EX-10.93 8 v96430exv10w93.txt EXHIBIT 10.93 EXHIBIT 10.93 * CERTAIN CONFIDENTIAL INFORMATION CONTAINED IN THIS DOCUMENT, MARKED BY THE BRACKETS, HAS BEEN OMITTED AND FILED WITH THE SECURITIES AND EXCHANGE COMMISSION PURSUANT TO RULE 24b-2 OF THE SECURITIES EXCHANGE ACT OF 1934, AS AMENDED. AMENDMENT NO. 4 TO ENBREL SUPPLY AGREEMENT THIS AMENDMENT NO. 4 TO ENBREL SUPPLY AGREEMENT (this "Amendment") is effective as of October 31, 2003 between and among Genentech Inc., a Delaware corporation ("Genentech"), and Immunex Corporation, a Washington corporation and a wholly owned subsidiary of Amgen Inc. ("Immunex") (collectively the "Parties"). Genentech and Immunex are parties to that certain Enbrel Supply Agreement dated April 12, 2002, as amended by that certain Amendment No. 1 to Enbrel Supply Agreement dated September 20, 2002, that certain Amendment No. 2 dated July 16, 2002 and that certain Amendment No. 3 to Enbrel Supply Agreement dated March 26, 2003 (as amended, the "Agreement").

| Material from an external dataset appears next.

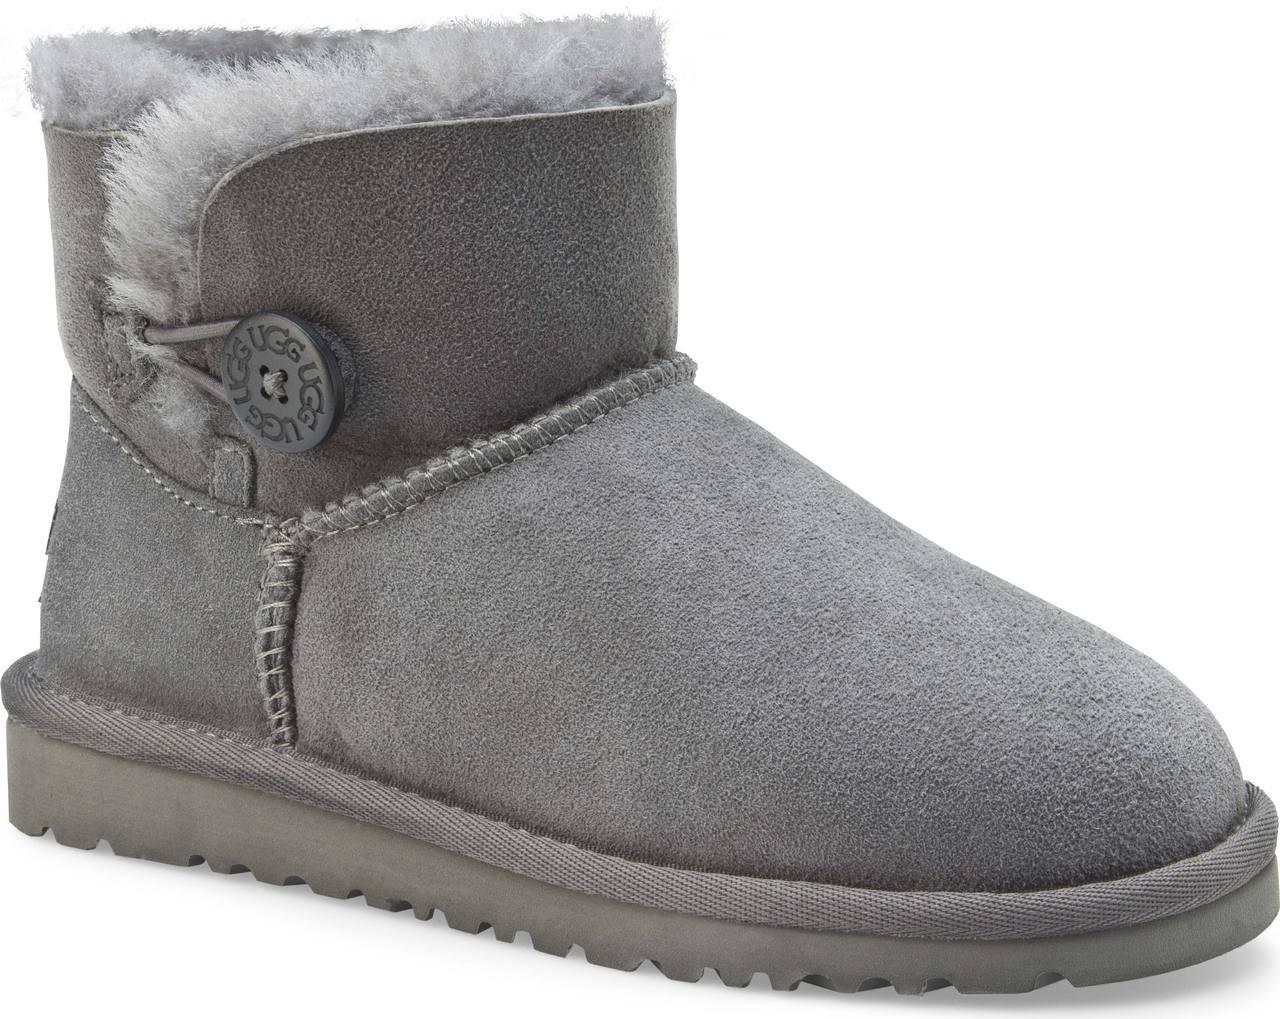 clearance ugg mini bailey button bling womens boots jobs 4ad9c 3ae08 rh alannacaldas com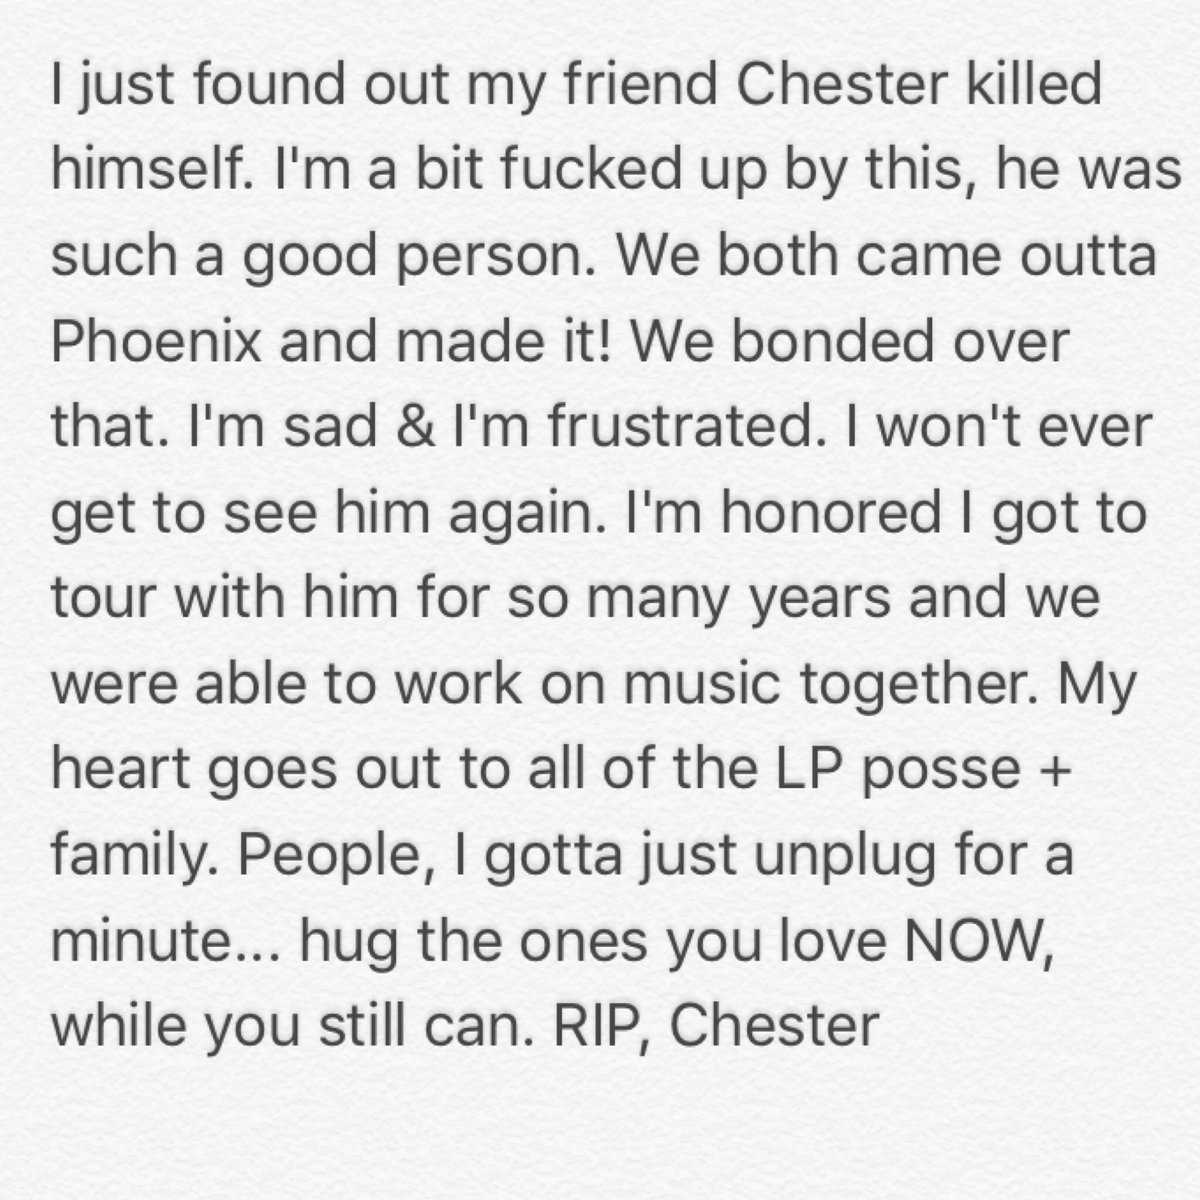 #RIP #ChesterBennington #LinkinPark https://t.co/83UJdadgVs

WHEREAS Genentech had initially provided Immunex with a forecast which provided that [*]; WHEREAS Immunex requested that [*]; WHEREAS Genentech has agreed to [*]; WHEREAS in order to accommodate Immunex's request for [*], Genentech has had to [*]; WHEREAS the Parties are agreeable to [*]; WHEREAS the Parties are agreeable to [*]. NOW, THEREFORE, for good and valuable consideration, the receipt and sufficiency of which are hereby acknowledged, the Parties agree as follows: 1. Exhibit A to the Enbrel Supply Agreement is deleted in its entirety and replaced with the following: * Confidential Treatment Requested.
Calendar Year Minimum Runs* Maximum Runs* ------------- ------------- ------------- [*] [*] [*] [*] [*] [*] [*] [*] [*]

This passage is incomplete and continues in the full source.